In some blue states, lawmakers look at child care and early learning as a two-generation investment that’s needed to counter languishing enrollment in higher education. Undergraduate enrollment nationwide fell by 15 percent between 2010 and 2021. For two-year institutions enrollment dropped by nearly 39 percent, according to the National Center for Education Statistics.

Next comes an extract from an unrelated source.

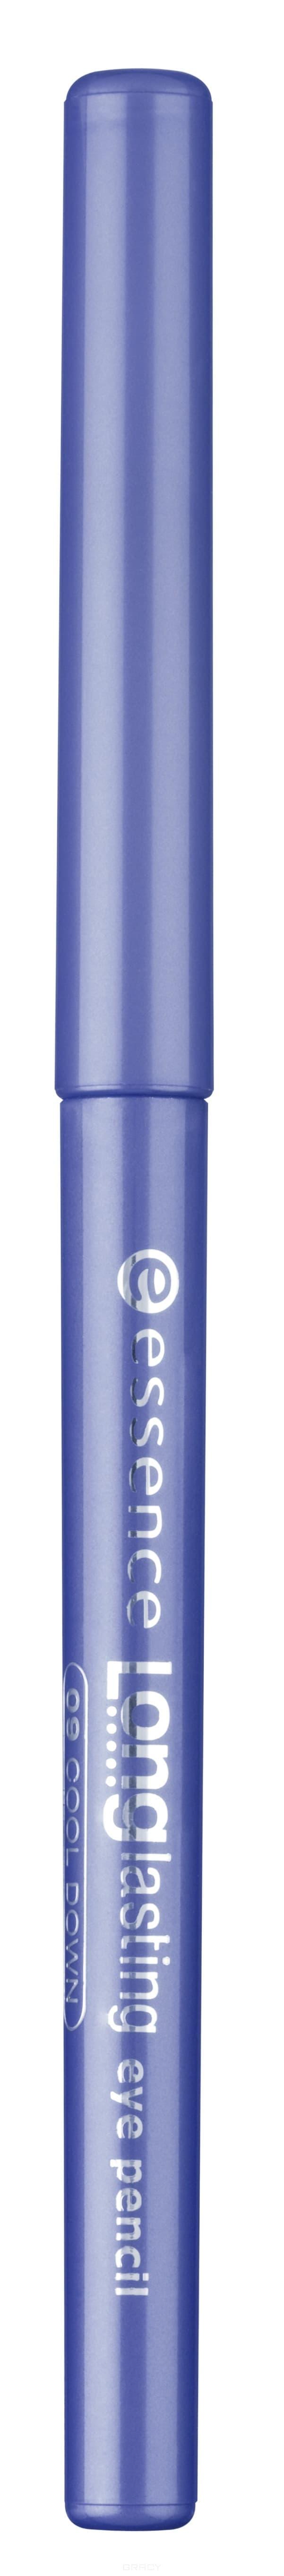 Купить Essence, Карандаш для глаз Long Lasting, 0.28 гр (15 цветов) №09, синий

New York put roughly $20 million in 2022 toward child care access on State University of New York and City University of New York campuses, with some money going directly towards expanding services on campuses that don’t have child care centers.

Some Capitol Hill lawmakers believe access to child care can be expanded without spending large amounts of federal dollars.

For Rep. Ashley Hinson (R-Iowa) her experience trying to find access to care is why she wants to do something about it in Congress — but it doesn’t need to “necessarily cost the federal government a whole lot of money,” she said.

Hinson, who sits on the House Appropriations Committee, suggested in an interview that lawmakers could expand the uses of existing funding streams like the Child Care and Development Block Grant.

“We might not even need to grow government. We may need to think about doing things differently,” Hinson said.